- About this exercise: Required from the data below: the exact lines starting at the line containing "backyard kitchen designs" and ending at the line containing "Un A380 va au Musée de l'Air et de l'Espace", with both ends kept and all pictures dropped.

- Source records:

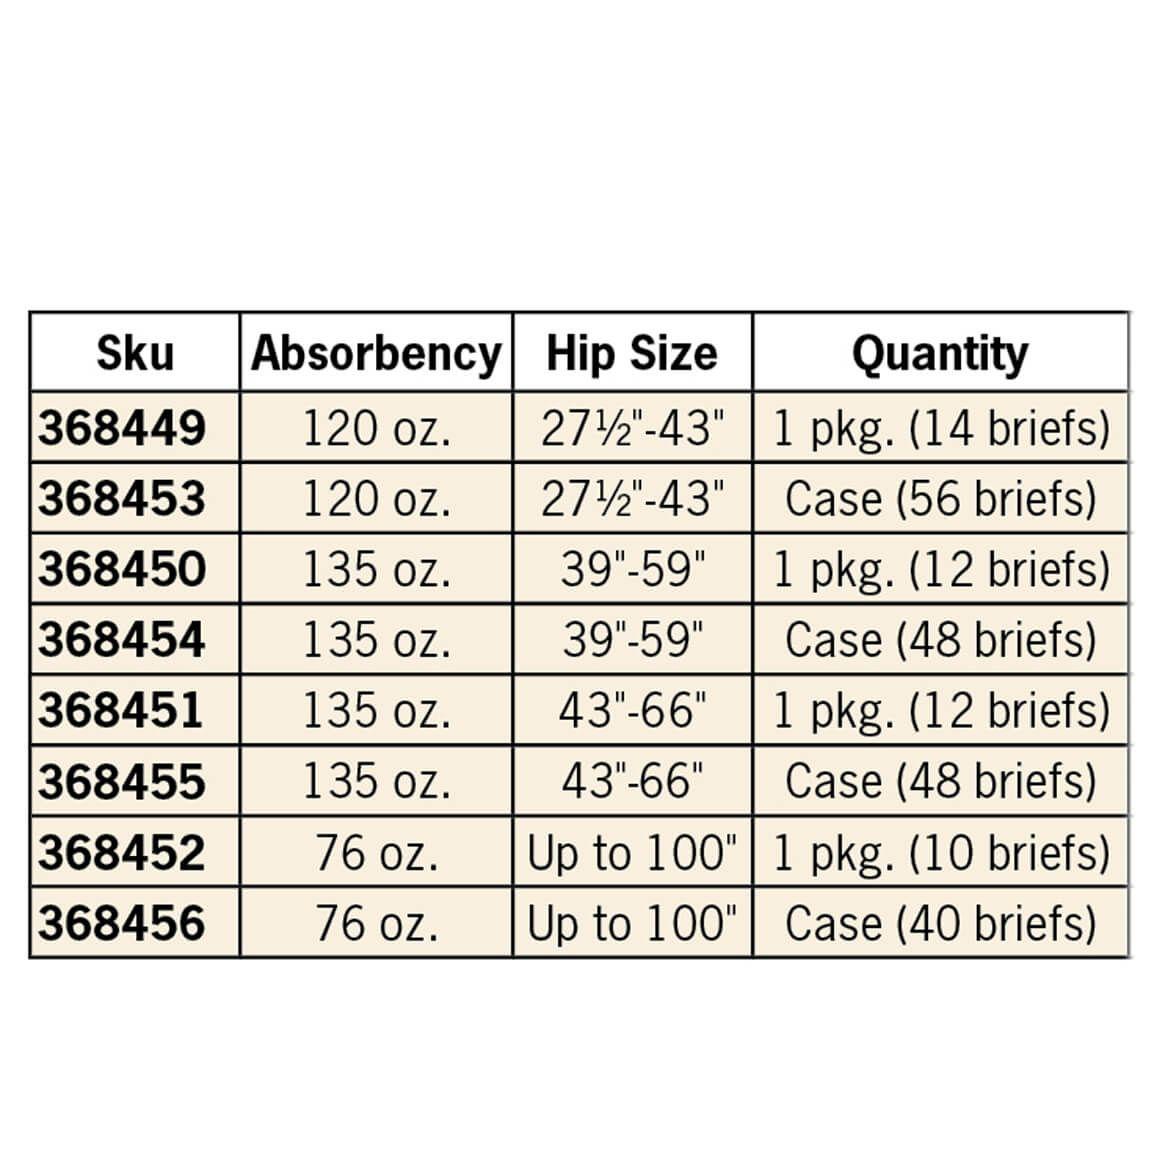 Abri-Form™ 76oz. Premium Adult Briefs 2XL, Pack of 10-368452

--

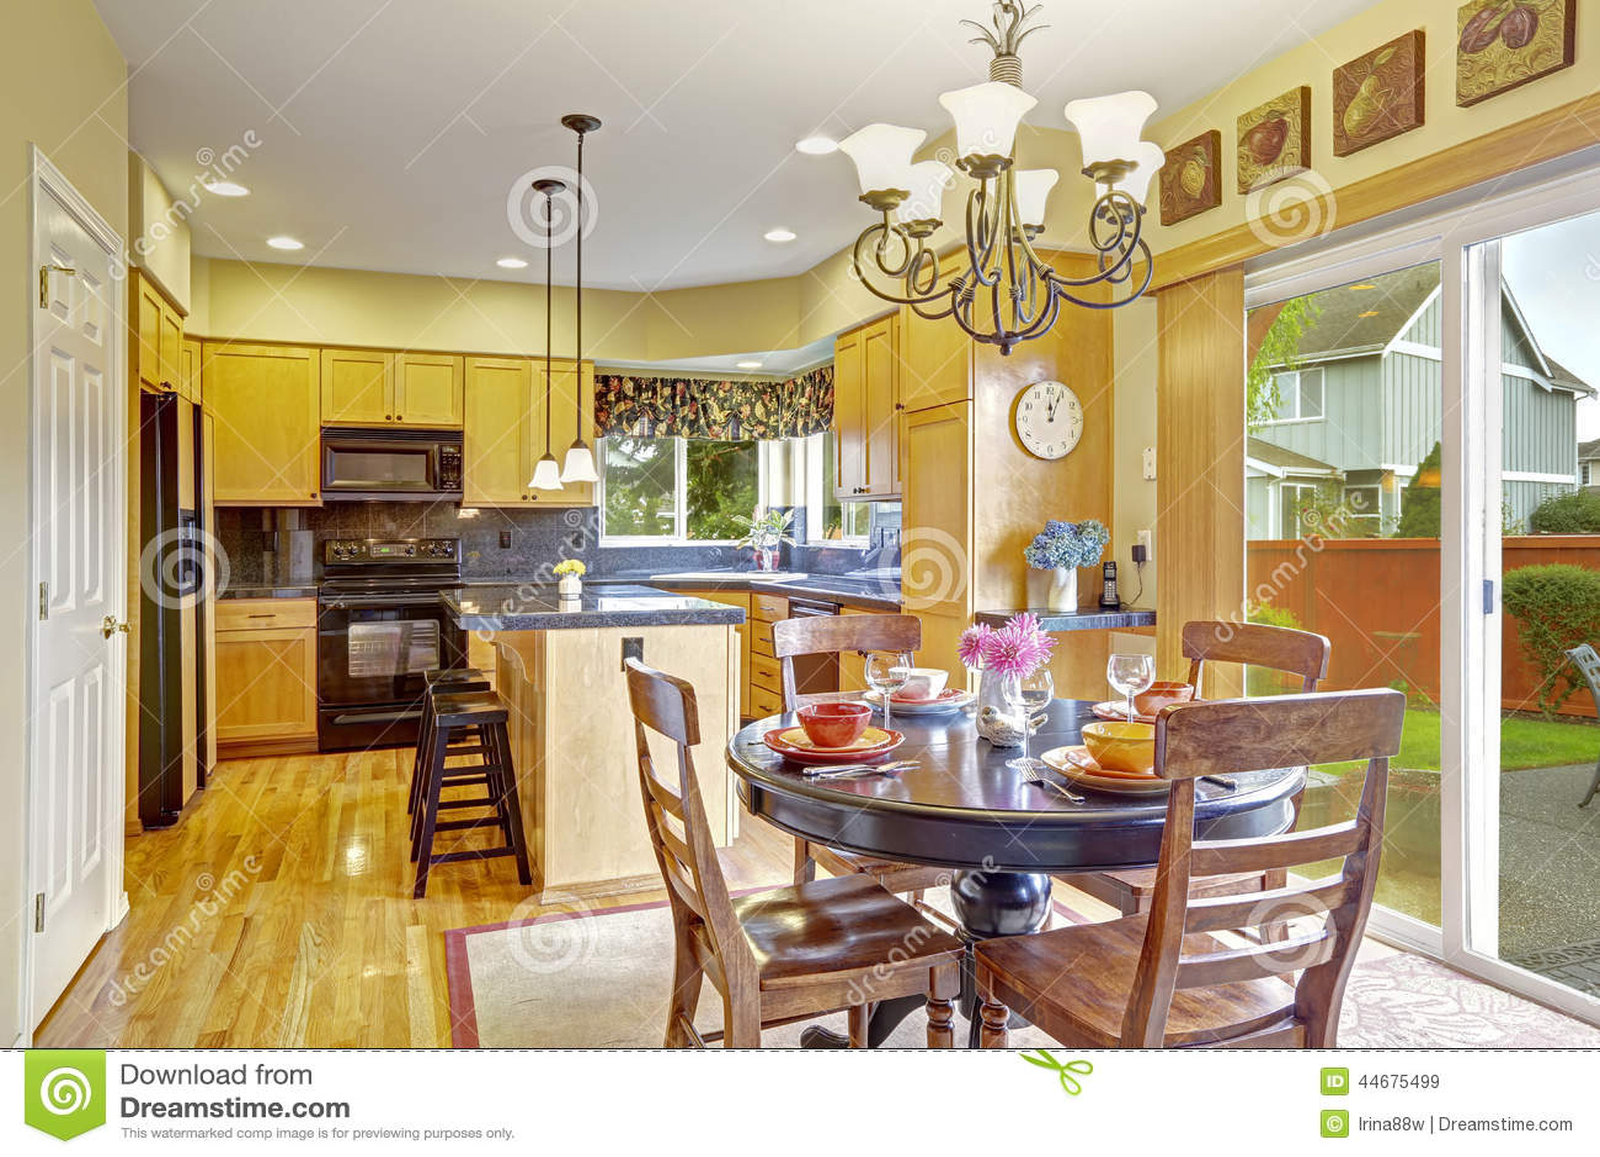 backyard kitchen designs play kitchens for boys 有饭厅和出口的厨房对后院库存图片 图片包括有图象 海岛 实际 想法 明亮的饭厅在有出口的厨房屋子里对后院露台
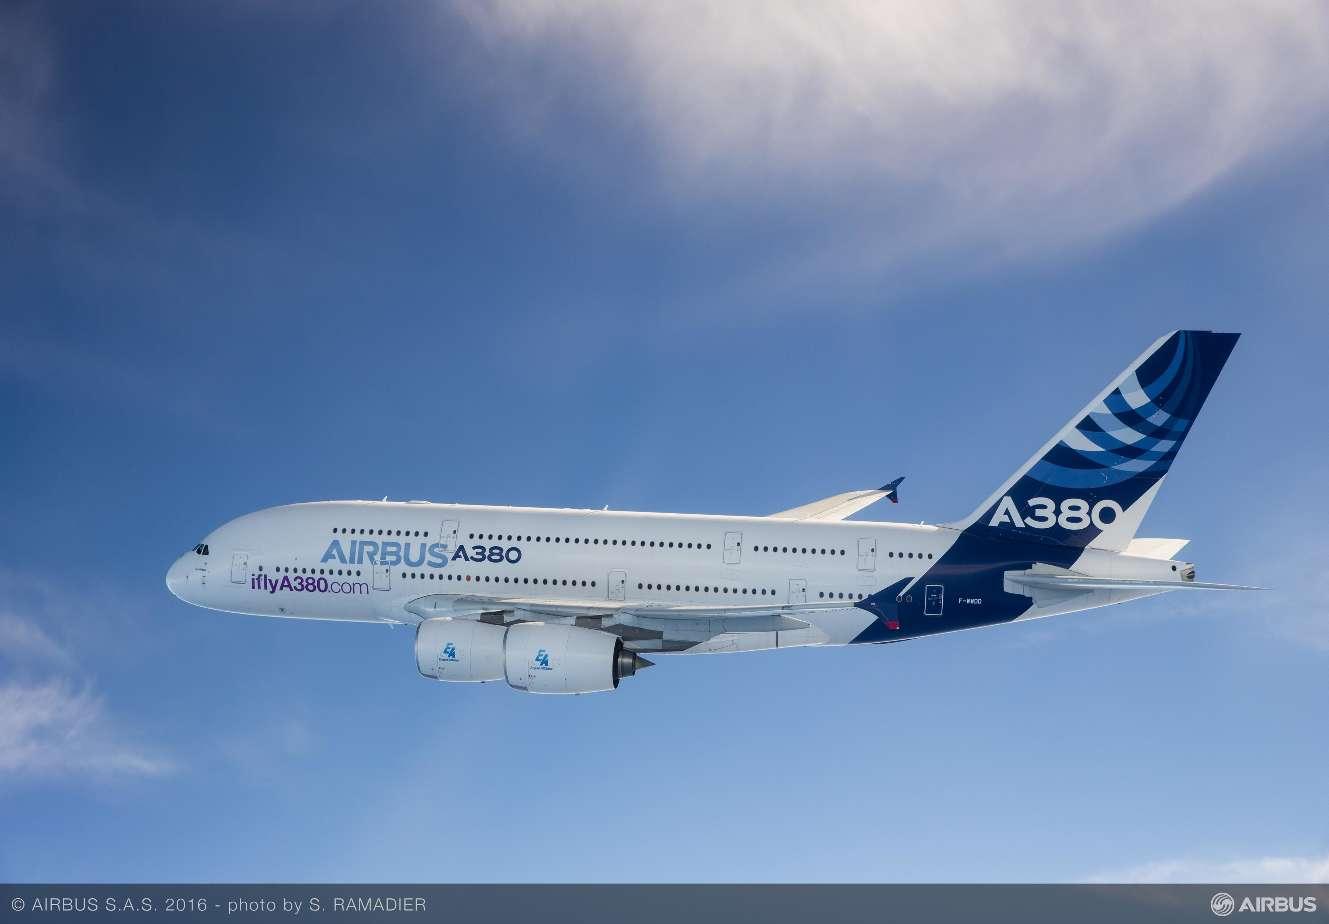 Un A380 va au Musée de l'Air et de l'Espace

- Exercise response:
 backyard kitchen designs play kitchens for boys 有饭厅和出口的厨房对后院库存图片 图片包括有图象 海岛 实际 想法 明亮的饭厅在有出口的厨房屋子里对后院露台
 Un A380 va au Musée de l'Air et de l'Espace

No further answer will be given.